Au point que, bon an, mal an, « j’ai fini par avoir un peu d’affection et de compassion pour l’homme : à la fin de sa vie, il était devenu si sensitif, qu’il menaçait de s’évanouir, dès qu’il sentait quelqu’un derrière lui ».
Et puis remontent les images, les anecdotes : « Comme il a vécu les travaux entamés à Paris par le Baron Haussmann, il se rendait de nuit près des chantiers, et s’allumait un cigare près des tonneaux de poudre, pour voir. Le plaisir de peut-être y risquer sa peau, de l’anxiété. » D’ailleurs, quand son éditeur, Poulet Malassis, qu’il avait rebaptisé Coco Malperché lui demandait des nouvelles des Fleurs du mal, « il lui répondait que ce serait une explosion de gaz chez un vitrier ».
Jean Teulé adolescent avait une fascination pour ce recueil de poèmes, « mais le personnage, je le détestais. Dans sa relation étrange aux femmes, sa misogynie, ou encore cet amour déconcertant pour sa mère. Il allait tout de même, quand elle quittait la maison même un moment, se plonger dans le panier de linge sale, pour respirer les vêtements de sa mère ».

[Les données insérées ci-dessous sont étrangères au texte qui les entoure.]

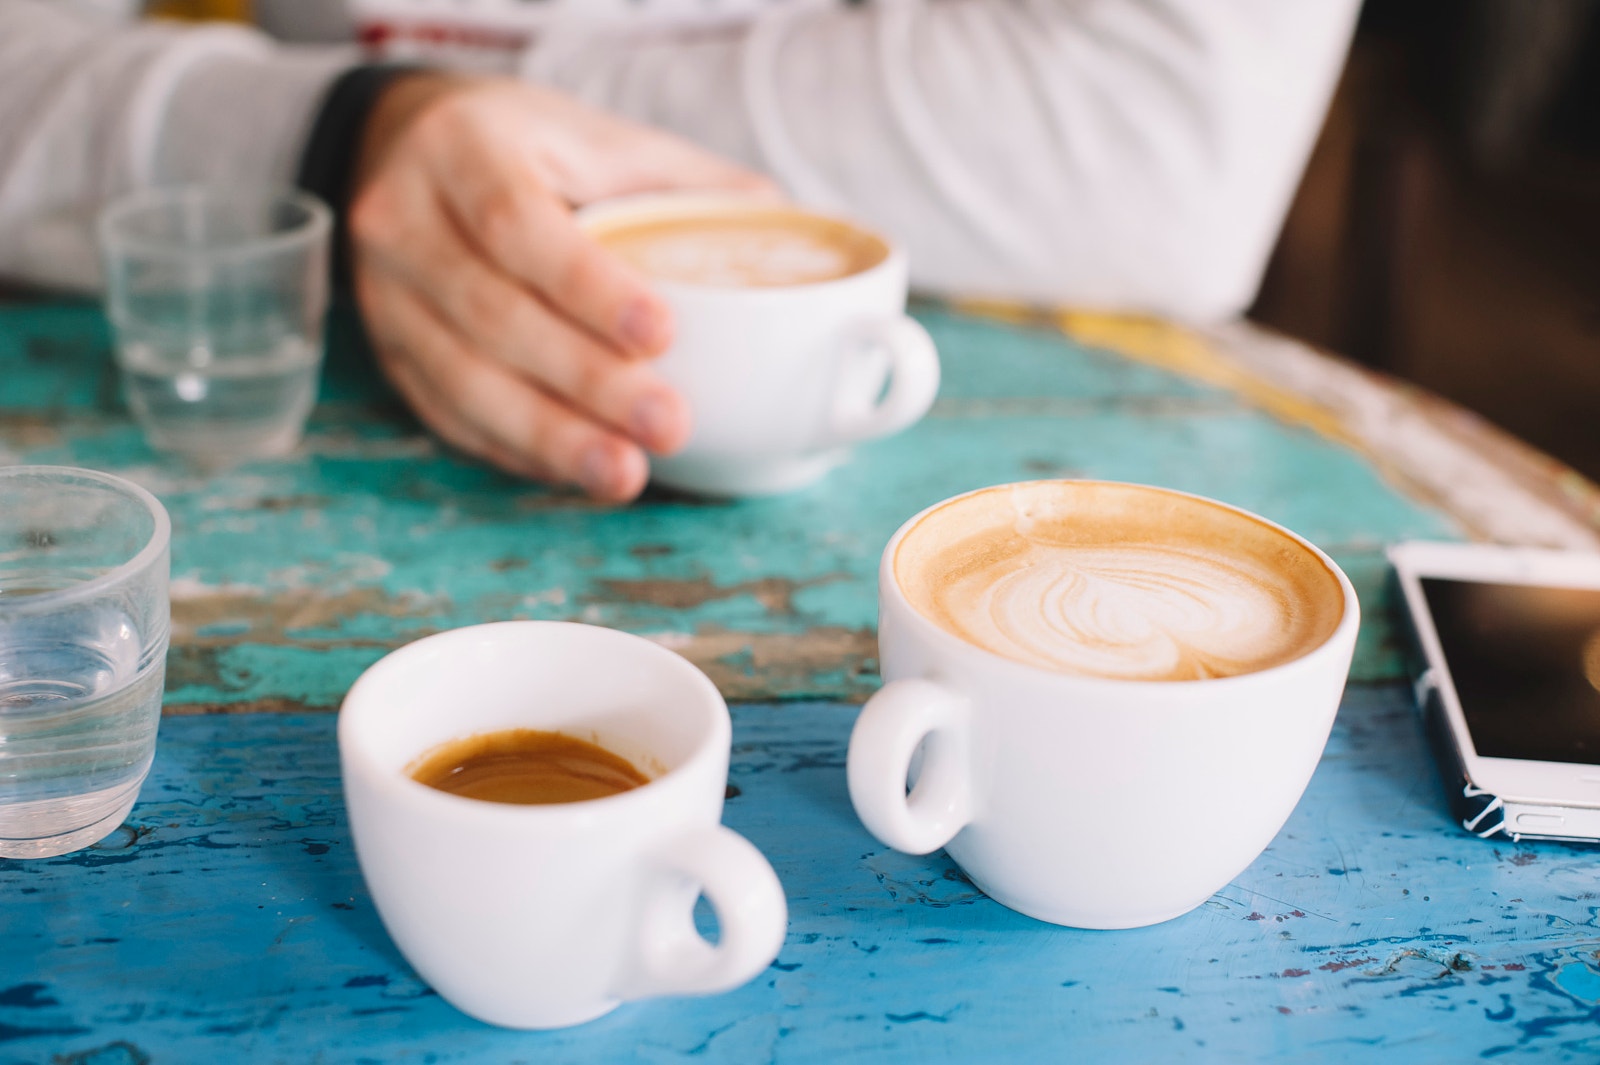 Coffee Talk: Understanding the Visual Preferences of Your Customers

Des dizaines d’années plus tard, l’auteur de La Charogne n’a pas fini d’attiser les passions.
Reste donc que Teulé vient pour un festival consacré au livre de poche. Et dans un grand rire, que suit sa voix rocailleuse, il lance : « Je suis content d’être ici. Le poche, c’est un format trois fois moins cher que la grande édition. On est donc dans un salon pour les lecteurs pauvres, ou radins. Ou les deux. Ça tombe bien : l’entrée est gratuite en plus. » Avec le même humour, il poursuit : « D’ordinaire, je me rends dans les salons avec un stylo avec une plume en or. Ici, j’ai juste pris un Bic ordinaire. D’ailleurs, je mettrai que quatre mots pour les dédicaces, au lieu des douze que je donne d’ordinaire. »
Jean Teulé n’a pas sa langue dans la poche (© MF). Et au-delà de la punch-line, il garde un souvenir ému de « mon premier livre devenu poche : c’était Rainbow pour Rimbaud. Je n’en revenais pas, parce qu’ado, je ne lisais que ces petits livres — j’étais pauvre et radin », explose-t-il de rire. « De toute manière, je ne respecte pas les livres en tant qu'objets : les Pléiade, je les annote, je corne les pages. Ce n’est pas parce qu’on parle de papier bible qu’il faut pratiquer la génuflexion ! »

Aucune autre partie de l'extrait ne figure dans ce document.